Das Landgericht hat den Angeklagten von dem Vorwurf des versuchten Mordes in Tateinheit mit gefährlicher Körperverletzung aus tatsächlichen Gründen freigesprochen und eine Entschädigungsentscheidung getroffen. Mit ihrer auf die ausgeführte Sachrüge gestützten und seitens des Generalbundesanwalts vertretenen Revision erstrebt die Staatsanwaltschaft die Aufhebung des freisprechenden Urteils. Das Rechtsmittel hat Erfolg.

I.

Das Landgericht hat folgende Feststellungen und Wertungen getroffen:

1. Der Angeklagte lebte seit Sommer 2019 in seiner Wohnung mit der Nebenklägerin in eheähnlicher Gemeinschaft zusammen.
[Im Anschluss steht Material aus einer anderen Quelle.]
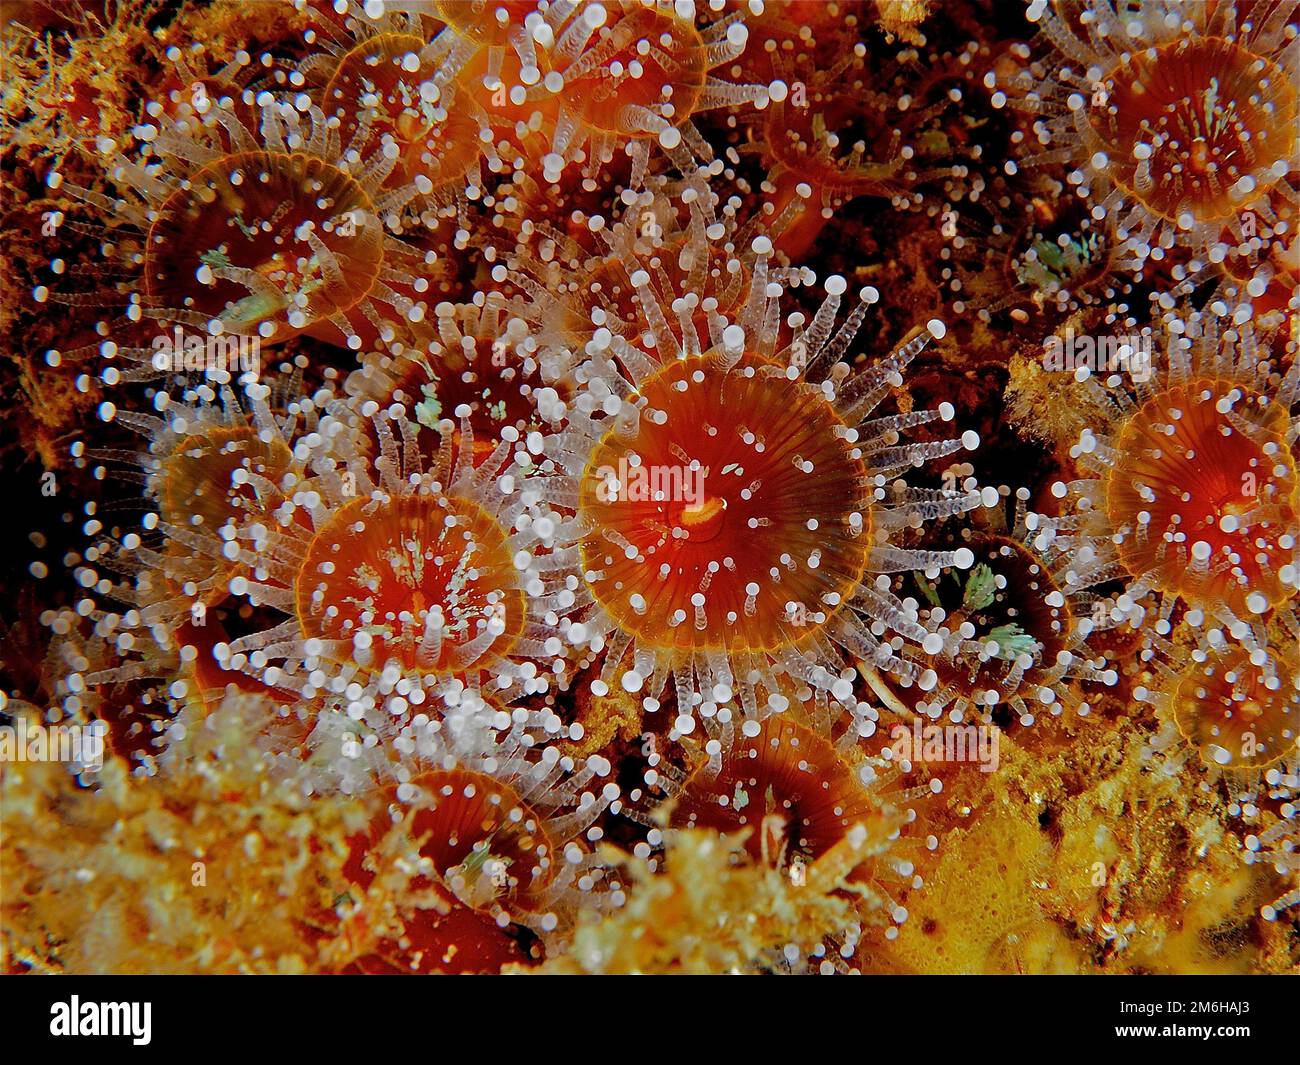 Anémona joya naranja (Corynactis viridis) Anémona marina. Sitio de buceo Maharees Islands, Castlegregory, Co. Kerry, Mar de Irlanda, Atlántico Norte, Irlanda Foto de stock

Die Beziehung verlief zunehmend konflikthaft, weil beide Partner in erheblichem Umfang dem Alkohol zusprachen und die Nebenklägerin sich zunehmend einem anderen Mann zuwandte. Schließlich plante sie - was sie dem Angeklagten gegenüber allerdings verheimlichte - ihren Auszug aus der Wohnung. Dort kam es am Abend des 8. April 2020 gegen 19:00 Uhr zu einer zunächst verbal ausgetragenen Streitigkeit; kurze Zeit später erlitt die Nebenklägerin eine drei Zentimeter tiefe sowie drei Zentimeter breite Stich-Schnitt-Verletzung an der Drosselgrube im vorderen Halsbereich. Diese Verletzung war mit geringer Wucht beigebracht, objektiv nicht lebensgefährlich und blutete nur leicht. Nach Eintreffen der alarmierten Polizei öffnete der Angeklagte die Wohnungstür auf entsprechendes Klingeln und Klopfen zunächst nicht und leugnete auf telefonische Nachfrage auch seine Anwesenheit in der Wohnung. Er gewährte den Polizeibeamten letztlich erst nach mehr als 25 Minuten Zutritt, nachdem ihm die gewaltsame Öffnung der Wohnungstür angedroht worden war.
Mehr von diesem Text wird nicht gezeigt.